Single by Girls' Generation

from the album Girls & Peace
- B-side: "Beep Beep"; "Girls' Generation 2 Smash-Up";
- Released: November 21, 2012
- Recorded: 2012
- Genre: Electropop; Dance-pop;
- Length: 3:18
- Label: Nayutawave; UMG;
- Songwriters: Johan Gustafson, Fredrik Häggstam, Sebastian Lundberg, Junji Ishiwatari
- Producers: Trinity, Dsign Music

Girls' Generation singles chronology
| "Oh!" (2012) | "Flower Power" (2012) | "Dancing Queen" (2013) |

Music video
- "Flower Power" on YouTube

= Flower Power (song) =

"Flower Power" is the sixth Japanese single released by South Korean girl group Girls' Generation. The single was released on November 14, 2012, via digital download on iTunes Japan, with a limited physical release on November 21, 2012. It serves as the third single from their second Japanese studio album, Girls & Peace (2012). Despite limited release, "Flower Power" sold 29,000 copies in its first week, peaking at number five on the Oricon Singles Chart; the single also reached number six on the Billboard Japan Hot 100.

==Background==
After the success of the preceding singles, "Paparazzi" and "Oh!", both of which took the number one spot on the Oricon daily singles chart and sold a collective total of more than 190,000 copies, the group's follow-up single "Flower Power" was announced on October 2, 2012. "Flower Power" was released in Japan on November 14, 2012, two weeks before the release of their second Japanese studio album.
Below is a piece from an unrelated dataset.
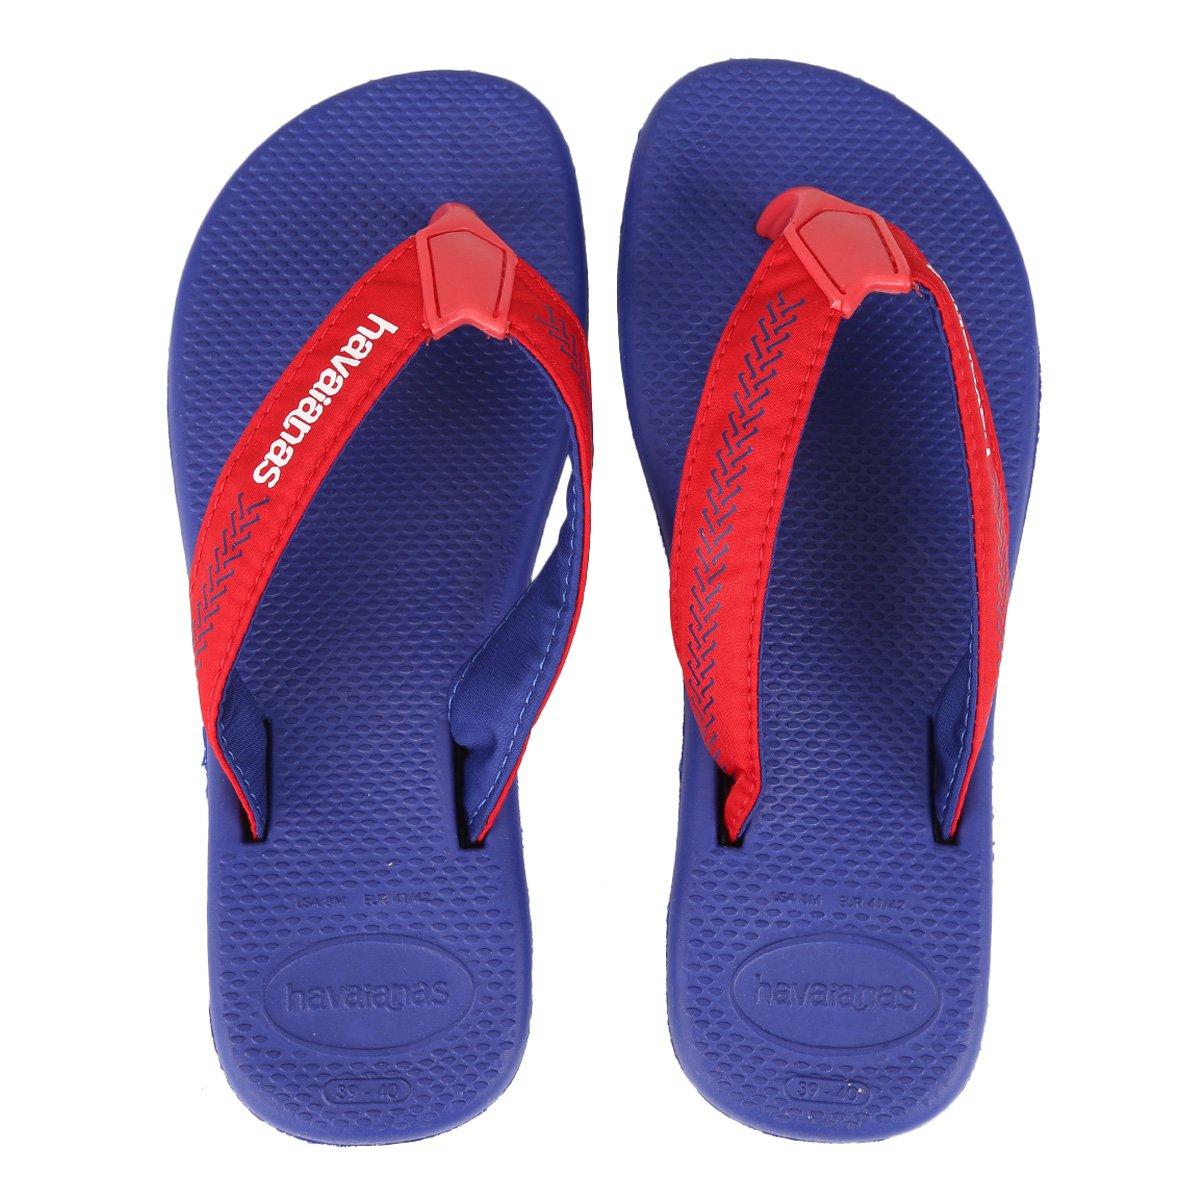 1721d84a75f0ba Chinelo Havaianas Surf Pro Masculino - Azul - Compre Agora

A concept photo released by the group's Japanese label shows the group trying to escape searchlights.

==Release==
The single was not released physically until November 21 because of problems with production. The single's B-side, "Beep Beep," is not included on Girls & Peace (2012), but it is included as the sixth track on their third Japanese studio album, Love & Peace (2013), released on December 11, 2013. The single also contains a medley of the accompanying album which features Jamaican rapper Sean Paul.

==Composition==
"Flower Power" is written by Johan Gustafson, Fredrik Häggstam, Sebastian Lundberg (who composed labelmate TVXQ's "Blink"). It is an up-tempo electropop and dance-pop number, taking influences from trance and electro house, with a "flowing" bassline and a chorus line demonstrating the "sexy side" of Girls' Generation, contrary to the single's title. Lyrically, the song describes "the strategic moves between a man and a woman on the dancefloor," sung by the group with "the sound and light of a glitzy atmosphere."

==Music video==
On October 31, 2012, the music was released in two versions: the regular and dance version. Within the song's perspective of the world, the nine girls sing and dance in a near future cosplay image of “bondage”-like cabin attendants under a fictional airline company, Air GG.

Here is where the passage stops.